Give your AI full computer access — safely.

Let Claude (or any MCP-compatible LLM) see your screen, move the mouse, type on the keyboard, and run commands — all inside an isolated QEMU virtual machine. Perfect for AI-driven automation, testing, and computer-use experiments without risking your host system.

A Model Context Protocol (MCP) server for controlling QEMU virtual machines via SSH. This server enables LLMs to interact with VMs through mouse/keyboard control, screenshots, and SSH command execution.

Table of Contents

Features

  • Mouse Control - Move cursor and click buttons
  • Keyboard Input - Type text and send key combinations
  • Action Batching - Execute sequences of UI actions in one call
  • Screenshots - Capture and retrieve VM screenshots
  • SSH Command Execution - Run shell commands on the VM
  • File Transfer - Upload and download files via SFTP
  • Project Management - Organize outputs into project folders with logs, results, and advice
  • Advice System - Save and retrieve tips for future LLM sessions

Tools Reference

Project Management

Projects organize all outputs (screenshots, logs, results, advice) into timestamped folders under data/projects/.

ToolDescription
project_init(name, description)Create a new project (required before screenshots)
project_load(project_path)Load an existing project
project_list()List all projects
project_info()Get current project statistics
project_log(message, level)Add a log entry
project_read_logs(lines, level_filter)Read project logs
project_save_result(filename, content)Save a result file
project_save_advice(title, content)Save tips for future sessions
project_read_advice()Read all saved advice

Mouse & Keyboard

ToolDescription
move_mouse(x, y, mode)Move cursor (mode: "absolute" or "relative")
click(button, count, x, y)Click a button; optional x, y move-and-click in one op
click_in_window(x, y, button, count)Click at coords relative to the active window's client area
get_active_window_info()Active window id, title, position & geometry
scroll(direction, amount)Mouse-wheel scroll (up/down/left/right) at cursor
drag(x1, y1, x2, y2, button)Press at start, drag to end, release (select/slider/DnD)
type_text(text, human)Type text (newlines → Return, UTF-8 safe); human=True types at a slower, lifelike cadence (varied per-word speed + random pauses)
press_keys(keys)Press key combo, e.g., ["Ctrl", "L"]
key_down(keys) / key_up(keys)Hold / release a key or modifier (e.g. Shift-click)
set_clipboard(text)Load the VM clipboard (fast insert for big ASCII)
paste(text)Set clipboard (if text) and Ctrl+V
activate_window(title, window_id)Focus & raise a window by title or id
wait(seconds)Pause execution
run_actions(actions)Execute a sequence of actions in one call

Batch Actions Example

[
  {"action": "press_keys", "keys": ["Ctrl", "Shift", "p"]},
  {"action": "wait", "seconds": 0.5},
  {"action": "type_text", "text": "Terminal: Focus Terminal"},
  {"action": "press_keys", "keys": ["Return"]}
]

Object Location (OCR)

Locate on-screen elements by their visible text — exact pixel coordinates, no coordinate guessing. The host OCRs the full-resolution screenshot (tesseract) and maps the match straight into the click path. Works on any visible text, including nested Citrix/web where accessibility APIs can't reach; does not find unlabeled icons.

ToolDescription
find_text(query, min_conf)OCR the screen; return every match's center & box
click_text(query, index, button, count)Find text and click its center (precise)
click_text("Submit")          # finds "Submit" and clicks its exact center
find_text("File")             # lists all matches with coordinates
click_text("OK", index=1)     # click the 2nd "OK" if several match

Zoom (magnify a region, then click it precisely)

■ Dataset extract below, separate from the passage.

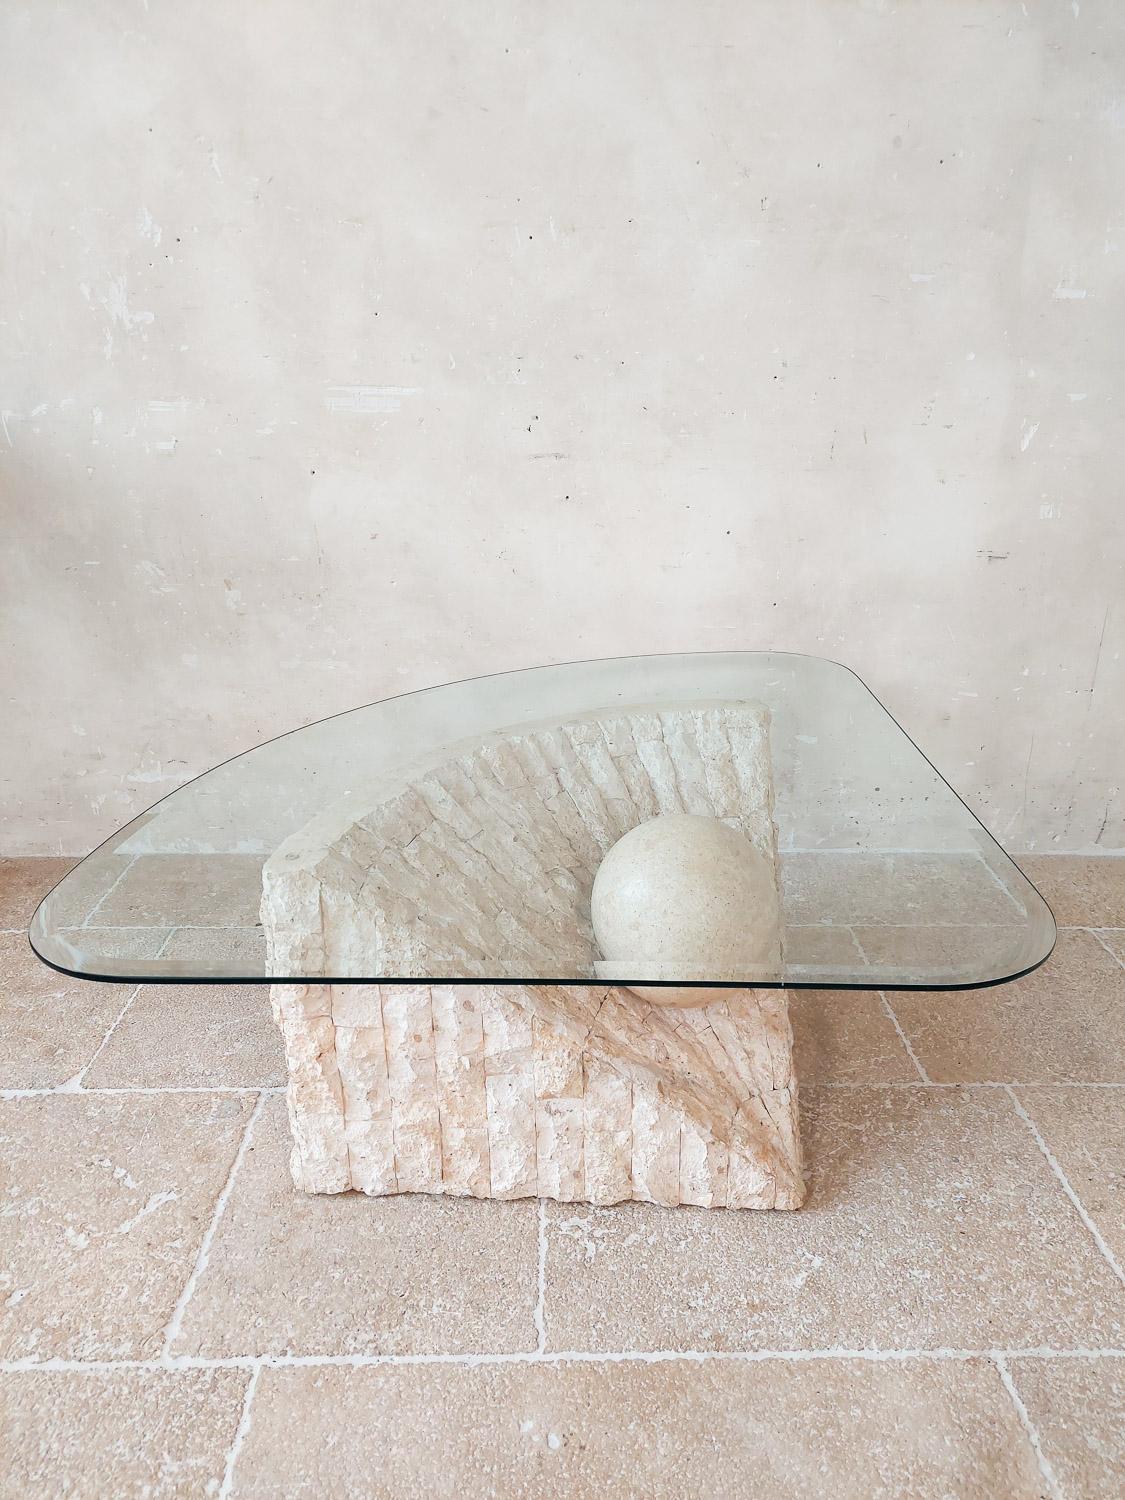 Mactan stone coffee table by Magnussen Ponte, 1980s. Unique postmodern design with a textured and geometric base with a suspended sphere which holds the triangular glass top. 

Mactan is a natural stone, although this piece looks heavy and

When detail is too small/low-contrast to resolve in the full screenshot, magnify a region and click within it. The server keeps the crop mapping, so a point you pick in the zoomed image maps back to the exact full-screen pixel — no coordinate math.

ToolDescription
zoom(x, y, width, height, scale)Crop around (x, y) and magnify; returns a viewable image + mapping
click_zoomed(zx, zy, button, count)Click a point given in the last zoom's image coords
zoom(800, 600, width=400, height=300, scale=4)  # view a 4× magnified crop
click_zoomed(610, 250)                           # click that spot → exact full-screen pixel

Set-of-Mark (pick by number)

For dense or ambiguous screens, overlay numbered marks on every detected text element and pick one by its number — a discrete choice that's far more reliable than estimating coordinates.

ToolDescription
mark_screen(min_conf, max_marks)Annotate the screen with numbered boxes; returns the image + a legend
click_mark(n, button, count)Click the element labeled n
mark_screen()        # view the annotated screenshot + legend (0 -> "File", 1 -> "Edit", …)
click_mark(1)        # click element #1 at its exact center

Host requirements: tesseract (the binary) plus pillow and pytesseract in the server's Python env. These are optional — the rest of the server runs without them; only the OCR (find_text/click_text) and zoom (zoom) tools need them (zoom needs only pillow):

# Arch/Manjaro host
sudo pacman -S tesseract tesseract-data-eng
uv pip install pillow pytesseract

SSH Operations

ToolDescription
ssh_execute(command, as_desktop_user)Run a shell command on the VM
ssh_upload(local_path, remote_path)Upload file to VM
ssh_download(remote_path, local_path)Download file from VM
ssh_connection_info()Get connection status

Screenshots

ToolDescription
take_screenshot()Capture screenshot (requires active project)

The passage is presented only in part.